6 Kasım 2024 Çarşamba

Ophelia’yı Kim Öldürdü?

Hakkı Yüksel  |  Ed. Seda İstifciel

“Ben sahtekârım!

Samimiyetsizliğiyle tiksinenim haline.

Sahteliğiyle samimi olana hayranım.

Fark etmemeye hayranım.

İşte bu bir tiksinti.”


Türkiye’de 2024 yılının başından ekim ayına kadar 296 kadın cinayeti işlenirken bu sayıya ek olarak bu on aylık süreçte toplamda 184 kadın da şüpheli bir şekilde ölü bulundu.

Her şeyi bir kenara bırakıp kadın cinayetleri üzerine düşünmek ve tartışmak gerektiği yerde, sanki ortada popüler bir magazin malzemesi var gibi geleneksel ve sosyal medyanın da yardımı ile cinayet haberlerini önce metalaştırıyor, sömürüyor, sonra da her zaman yaptığımız gibi unutuveriyoruz. Belleksiz bir toplum olarak kasım ayında “dubai çikolatası”nı kadın meselesinden daha çok konuşuyor oluyoruz, ne yazık!.. Üstelik bu unutuş, hafıza-i beşerin nisyan ile malulünden öte patriyarkal sistemin bizi bile isteye attığı, boğmaya çalıştığı azgın bir nehir... Shakespeare’in bundan neredeyse dört buçuk asır öncesinde kaleme aldığı ünlü tragedyası Hamlet’te Ophelia’yı yutan nehir de işte bu nehrin aynısı.
Esra Tarhan’ın üzerine çokça şey yazılıp çizilmiş Ophelia’yı, günümüz politik konjonktürü içinde yeniden sahneye taşıması bu açıdan büyük bir önem arz etmekte. “Ophelia- Hamlet Complex” adı ile Ara Sahne’de sahnelenen oyun William Shakespeare’in klasik eseri Hamlet’in, Heiner Müller’in Hamlet Makinası katkısıyla sorgulanmasını performe ediyor.

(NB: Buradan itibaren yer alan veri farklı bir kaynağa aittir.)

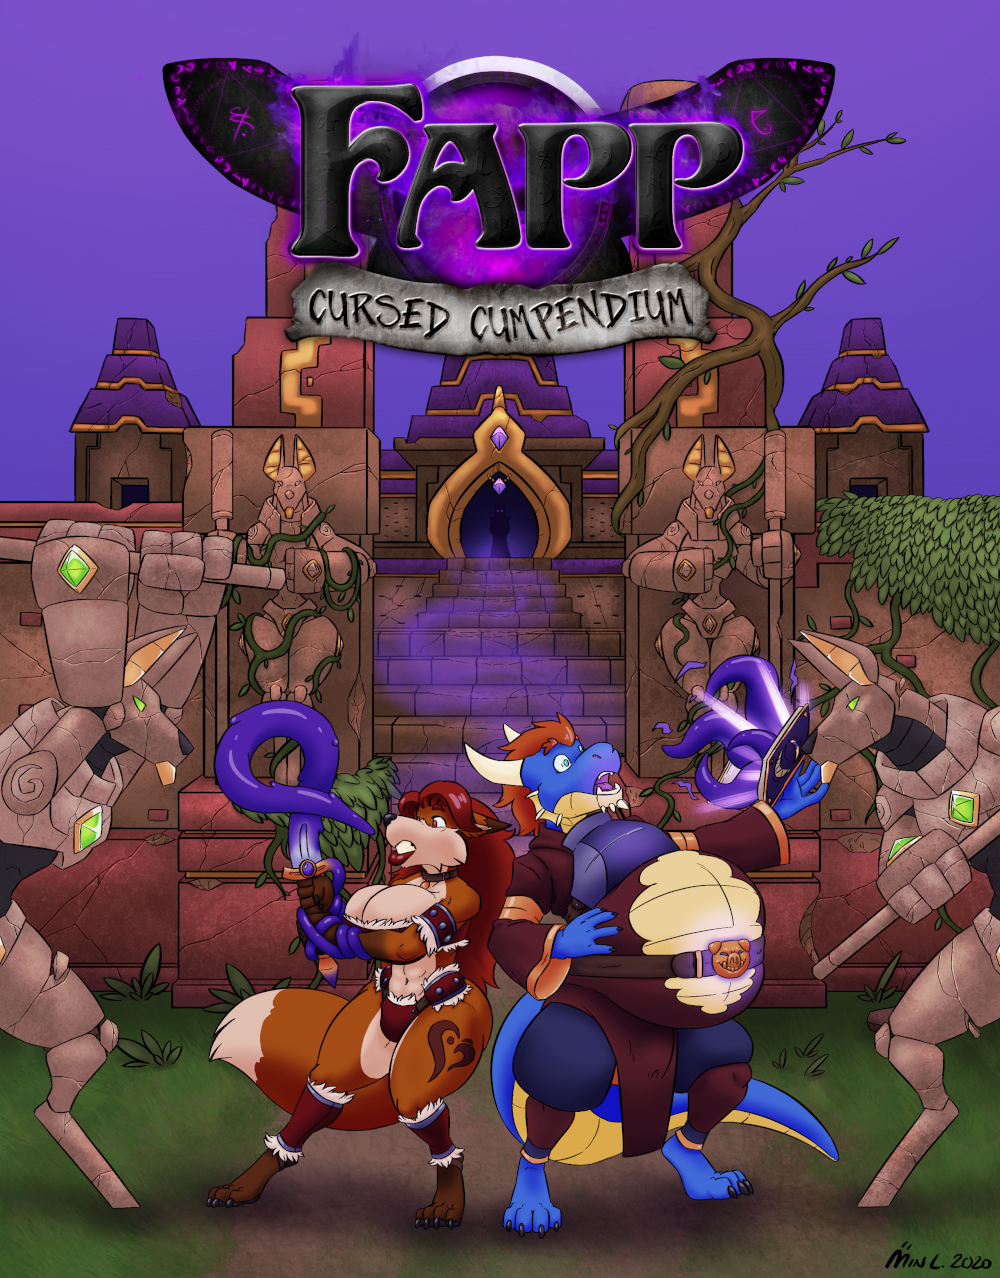 Fapp: Cursed Cumpendium is Coming Soon!

Oyunda Hamlet, alışılageldik klasik dilinin dışında, biçimsel anlamda da var olan metne katkı sağlayacak dokunuşlarda bulunan yenilikçi, post-modern bir sanat diliyle sahneleniyor. Oyun her şeyin olup bittiği bir andan başlıyor. Hamlet, mezar taşının üzerine uzanmış her zamanki gibi kendi kendine kelimelere boğulurken, Ophelia beyaz bir çarşafın altında hareketsizce sahnenin orta yerinde yer alıyor. O kadar hareketsiz ki sahnenin ortasında yer almasına rağmen Ophelia’yı hemen fark etmiyoruz. “Fark edilemeyen”, yitip giden Ophelia’yı taşıyamayan nehir birden kusup gün yüzüne çıkarıyor. Ve olay örgüsü, parçalı bir anımsamalar silsilesi ile geriye doğru akıp yeniden gözden geçiriliyor. Bu bağlamda “Ophelia- Hamlet Complex”i Shakespeare’in Hamlet’inin bir yeniden yazımı olarak değerlendirmek mümkün. 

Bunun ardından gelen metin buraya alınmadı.